The 14th century saw considerable development of the new weapons in France and in Western Europe in general, especially with the outbreak of the Hundred Years' War (1337–1453).

Cannons were soon used at sea, with ships being used as a firing platform. Small guns projecting quarrels or lead pellets were used at the 1340 Battle of Sluys, and in the French defence of Tournai in August 1340.

Edward III used similar weapons at the Battle of Crécy in 1346, and in the Siege of Calais in 1347. "Ribaldis" were first mentioned in the English Privy Wardrobe accounts during preparations for the Battle of Crécy between 1345 and 1346.

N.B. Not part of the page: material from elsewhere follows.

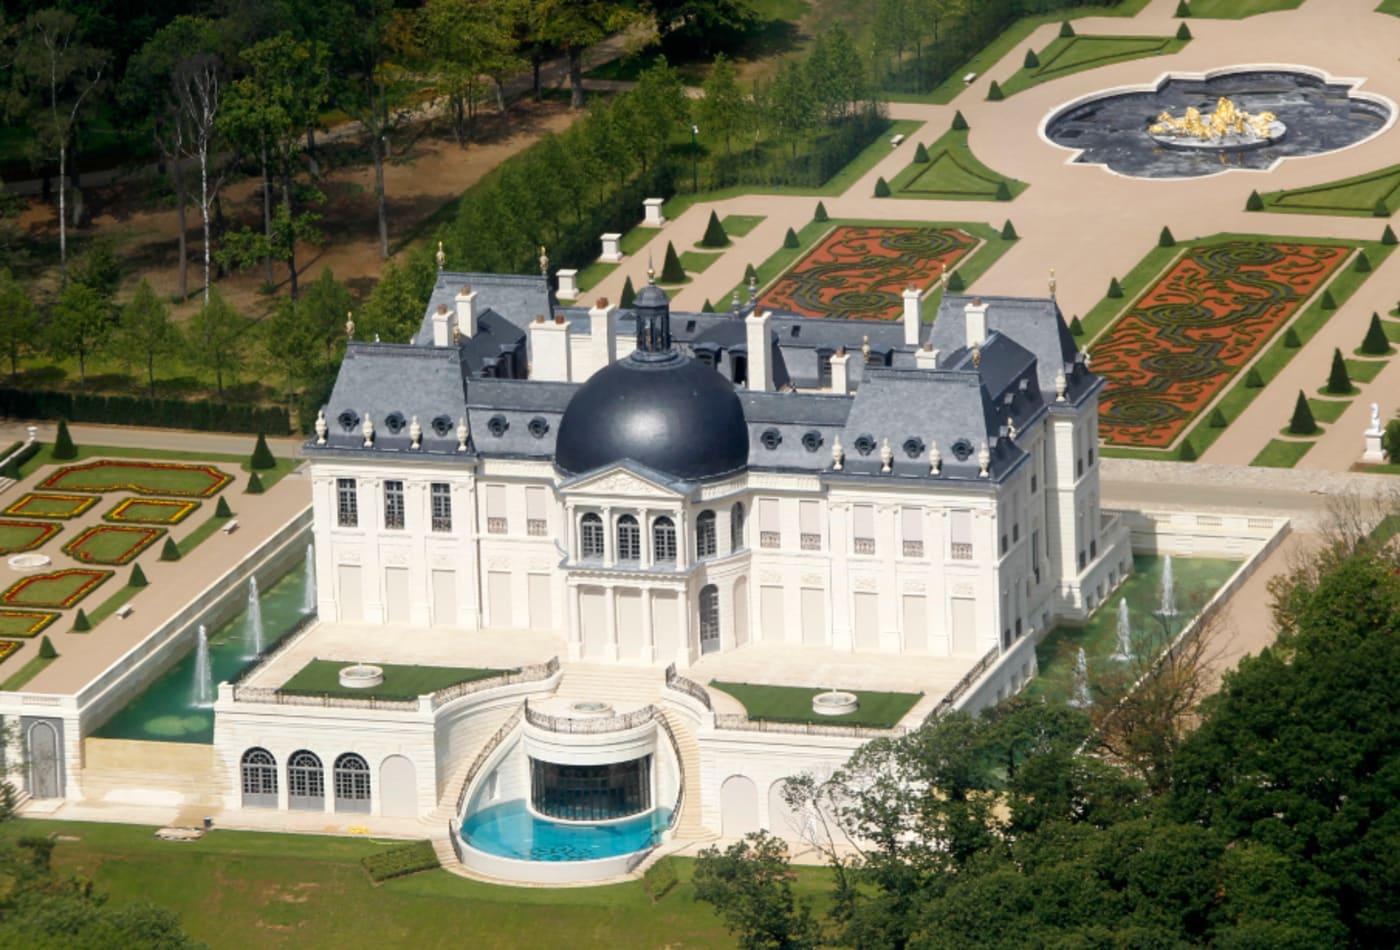 Hoàng gia giàu có nhất thế giới, sở hữu khối tài sản nghìn tỷ USD - Ảnh 3

Cannons evolved considerably towards the end of the century with the collapse of the Treaty of Brétigny and the resumption of the war in 1369. Until 1370, cannons were essentially small weapons of 10 to 20 kg (20 to 40 lbs), made of brass or copper. After that point, larger guns appeared, made of wrought iron or cast iron. During the 1375 siege of Saint-Sauveur-le-Vicomte, French troops successfully breached the walls of the fortress with guns weighing over 1 ton, and firing 50 kg stone balls. The English trailed behind French developments in the area and only had a few such weapons before 1400.

By the end of the century, new firearm types appeared, such as a variety of hand guns, small mortars and ribaudequins. These complemented, but did not replace, heavier artillery.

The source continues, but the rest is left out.